基于应变计微型传感器的ICP监测设备是侵入性颅内压监测的基本原理。这类设备有两种类型——基于压敏电阻的固态设备或采用光纤设计的设备。光纤设备,如Camino ICP Monitor (美国新泽西州普兰斯伯勒Township的Integra Life Sciences)通过光缆将光传输到尖端的可移动镜子。ICP值的变化会使反射镜变形,反射光强度的差异会转化为ICP值。当传感器由于ICP值的变化而变形时,电阻发生变化,并将其转换为ICP值 [7] 。脑室内压力监测装置将导管直接插入脑室,是一个非常简单有效的策略。因此,该方法虽然是所述技术中最古老的,但仍然是测量颅内顺应性的金标准,也是标准化其他测量方法的标杆。该技术也称为脑室置管引流(External ventricular drain, EVD)技术 [9] 。传统的EVD放置方法通常是通过冠状钻孔法,但根据神经外科医生的个人偏好,也可以选择其他位置,其中同侧侧脑室或第三脑室是首选部位。脑室内放置EVD仍然是测量颅内顺应性的可靠选择,是金标准,应注意尽量减少感染和出血并发症的发病率。

2) 其他侵入方式

随着神经外科及微型传感器技术的发展。
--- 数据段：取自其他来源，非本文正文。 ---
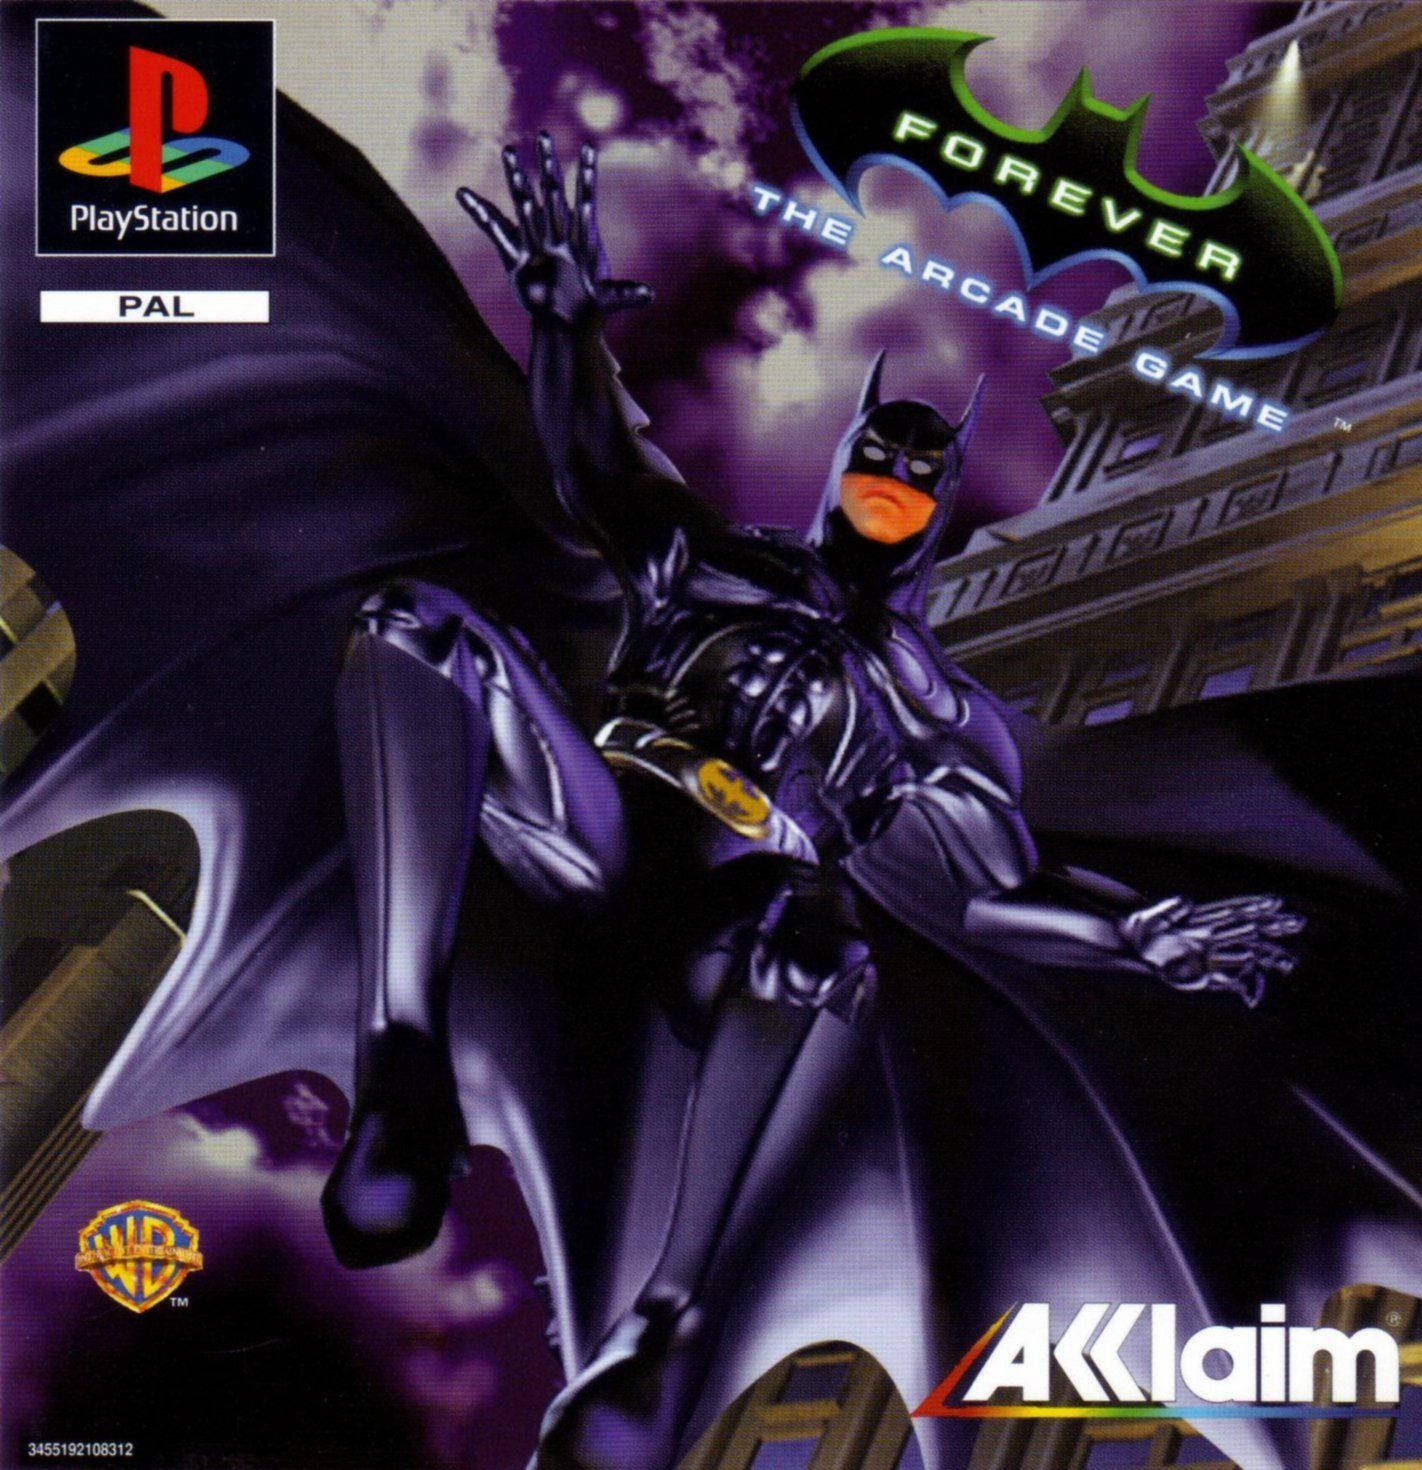 دانلود نسخه فشرده بازی Batman Forever با حجم 10 مگابایت

许多解剖位置,如脑实质、硬膜外和硬膜下间隙以及蛛网膜下腔已被以监测ICP。其中微传感器最常见的放置位置是右额叶皮质实质,尽管根据大脑局部病理学,也会在脑实质中选择其他位置。微型传感器与脑室内装置有很大的相关性 [10] 。与EVD相比,它们更易于操作,并且不受患者体味的影响。此外,无流体耦合系统可改善感染风险,且安置所需的手术操作简单,可减少出血并发症,其测量误差的发生率小于EVD等流体耦合设备。

1.3.2. 非侵入性ICP监测

无创颅内压监测的构想令人们感到非常好奇,因为至少在理论上,这种方法是可行的,并且可以避免出血和感染等并发症。基于软件计算的神经成像技术和诊断工具的出现,促进了多种检测方法的发展,这些方法已被广泛研究,以取代作为金标准的侵入性监测。视神经鞘直径测量、鼓膜位移、组织共振分析、眼压计、经颅多普勒、脑电图、近红外光谱、瞳孔测量、前囟压力监测、颅骨弹性、颈静脉球监测、视觉诱发反应以及基于放射学的ICP评估等是非侵入性ICP监测策略。理想情况下,非侵入性ICP监护仪应在整个医院随时可用,价格便宜、准确,并且操作简单方便 [11] 。且具有最低限度的禁忌症和限制,以使用更多患者从中受益。新近的研究促进了非侵入性ICP监测技术的发展,但其是否可以替代侵入性ICP监测技术仍需进一步的临床证据支持 [12] [13] 。

2. 脑组织氧监测

2.1. 脑组织氧监测的起源及机制

脑组织氧监测的使用已经存在了大约三十年,最早使用是实验研究发现即使ICP监测的使用越来越规范,脑缺氧仍时常发生 [14] 。脑缺氧通常发生在的脑外伤的早期,是TBI后不良预后的独立预测因子 [15] 。PbtO2监测可以实时且灵敏的呈现脑组织氧含量,主管医生根据其监测数值做出准确的处理,就能明显减少神经外科手术术后相关并发症如缺血性脑卒中、局灶性脑梗死及术后脑血栓形成等的发生 [16] [17] 。研究者认为,脑组织氧分压(partial pressure of brain tissue oxygen, PbtO2)监测可以在ICP升高之前检测出脑灌注障碍,也可能反映出大脑自动调节功能的损害 [18] 。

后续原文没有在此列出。